However, section 2 goes on to say that the President can make these 
treaties provided two-thirds of the Senate present concur. So that is a 
treaty, and that is how ordinarily agreements are made between nations.
  Obviously, we can do things ourselves without having a two-thirds 
vote--with a 60-percent vote in the Senate and a simple majority vote 
in the House. We can do that amongst ourselves if we want to change 
U.S. law as to how we are going to change the way we do industry and 
the way we lead our lives. We can do that with that kind of a vote. If 
we are going to agree with other countries, on the other hand, it takes 
a two-thirds vote.
  Now, at the time this was negotiated, I disagreed with President 
Obama, and I disagree with the accord at this time. The reason I do is 
I really believe this is a bad deal for the people of the United 
States. I really believe we can get a better deal. I think what we need 
to do, if we are going to do that, is we need to do it on a bipartisan 
basis. There is not going to be a two-thirds vote without a bipartisan 
agreement on this issue.
  I would like to see this addressed. I would like to see us, as the 
Foreign Relations Committee, and us, as the first branch of government, 
constitutionally protected as such, be a part of this and not just the 
second branch negotiating and then entering into the agreement.

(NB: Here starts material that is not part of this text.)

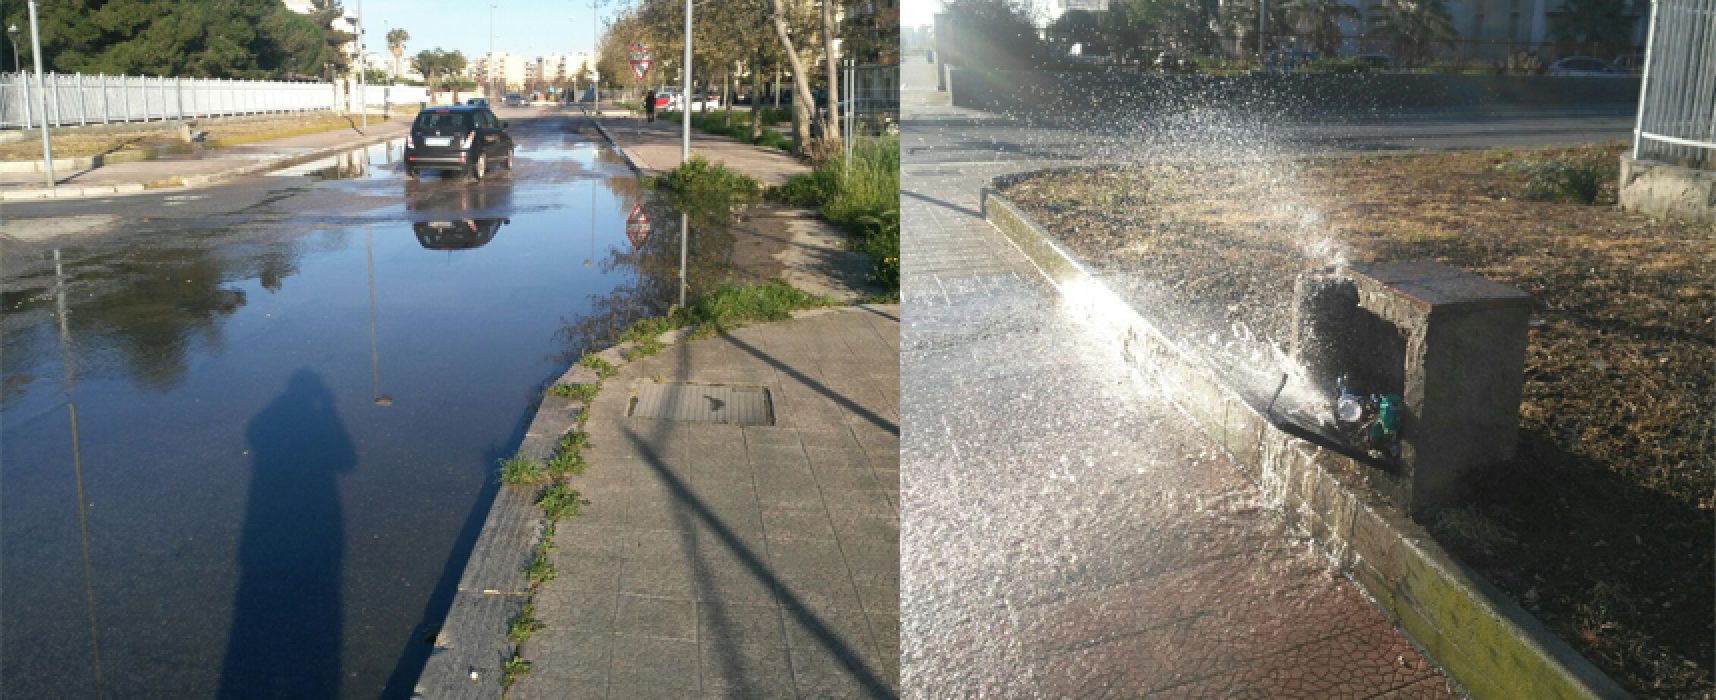 Centinaia di litri di acqua pubblica in strada nel quartiere Sant’Andrea, atto vandalico?

  The President has, No. 1, every right to withdraw from this 
agreement, just as President Obama had the right to enter into this 
executive agreement. I, for one, agree that he should withdraw from the 
Paris accord. In fact, I encouraged him to do so personally when he was 
running and then when he was elected and continuously since then. That 
doesn't mean we should walk away from this by any stretch of the 
imagination. I think what we should do is do what the U.S. Constitution 
envisions; that is, you have a negotiation between us, the United 
States, and other countries, and then the matter is submitted to the 
U.S. Senate for a vote to see if two-thirds of us can agree that this 
is the way to do this.
  So based on that, with all due respect to my good friend from New 
Hampshire, I object.
  The PRESIDING OFFICER. The objection is heard.

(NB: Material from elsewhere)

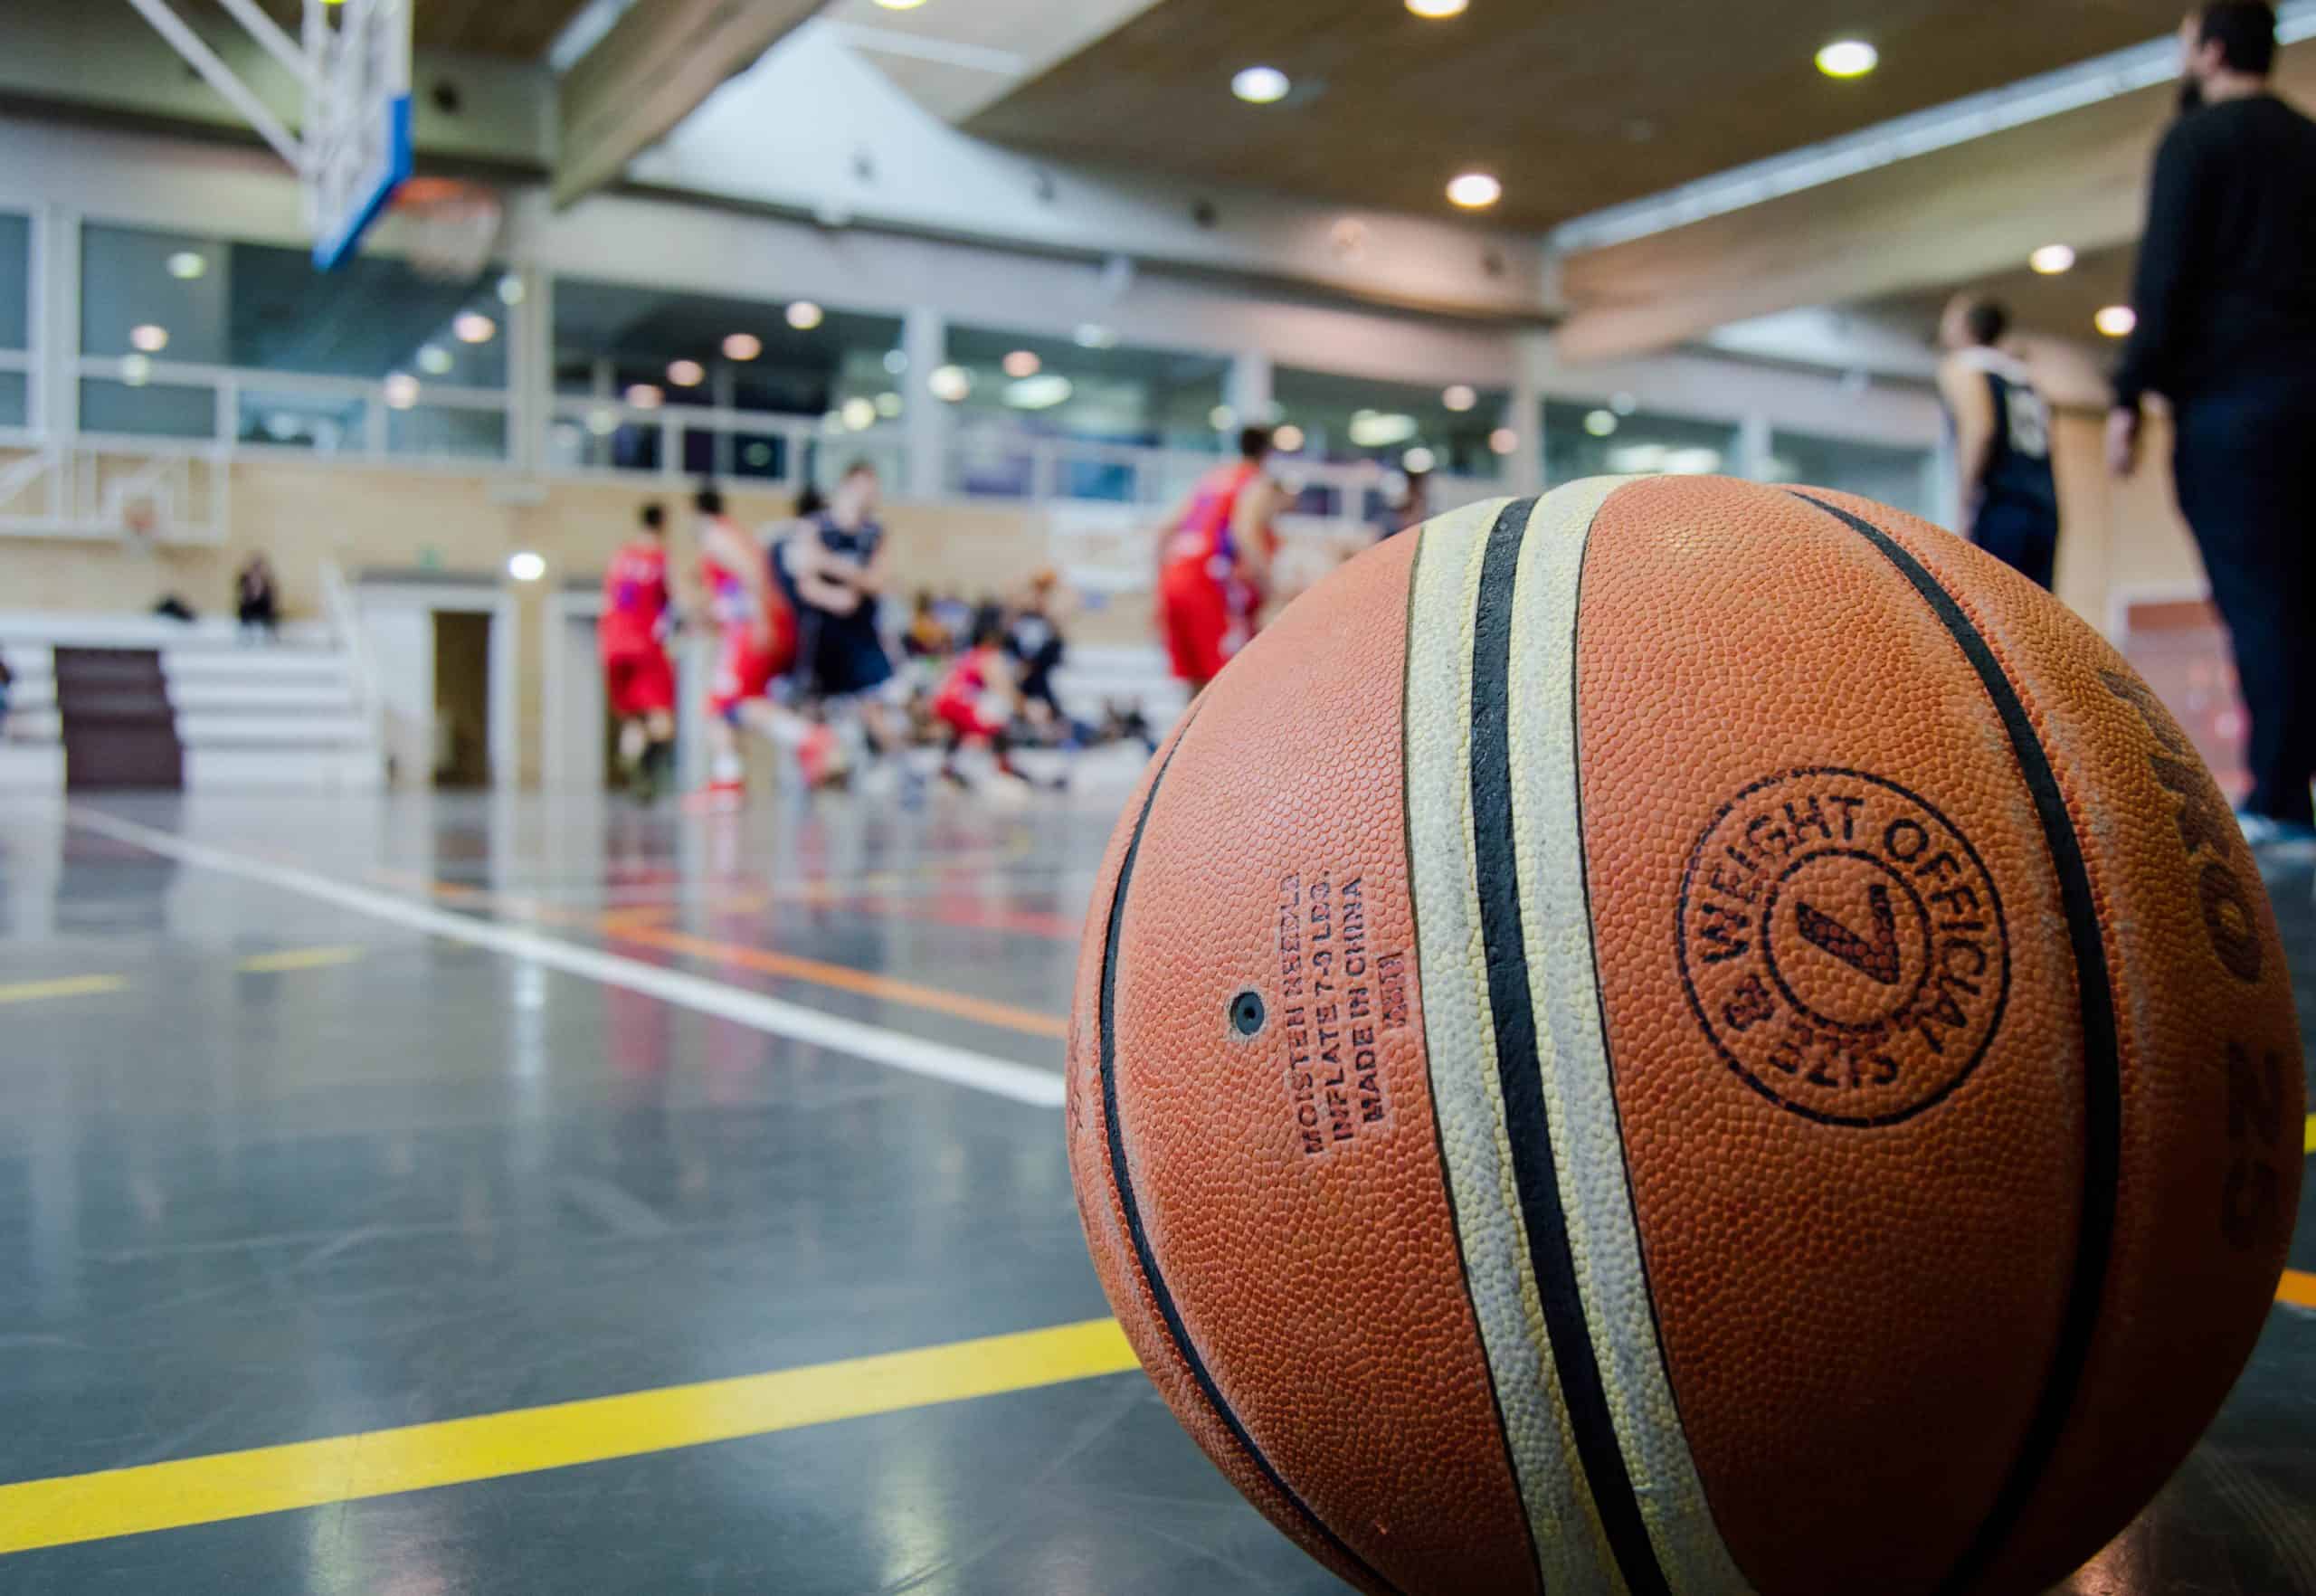 Kolejny krok w kierunku rozwoju świętokrzyskiego basketu. W tym tygodniu startuje CKNBA!

  The Senator from New Hampshire.
  Mrs. SHAHEEN. Mr. President, I am not surprised by my colleague's 
objection. I am, however, disappointed, and I have to disagree, to some 
extent, with the rationale because in fact this was not a treaty. It 
was a voluntary, nonbinding agreement that the United States entered 
into voluntarily.
  I am not saying President Trump doesn't have the authority to 
withdraw from the agreement. I am saying he is wrong to withdraw 
because it is not in the U.S. national interest to withdraw from this 
agreement.
  There is an international race to develop clean energy technologies 
and practices that reduce greenhouse gas emissions, and this race 
exists, in large part, because of the goals that were established in 
the Paris climate agreement.
  Instead of leading the pack in this race, which the United States 
should be doing, the President has chosen to put us on the sidelines. 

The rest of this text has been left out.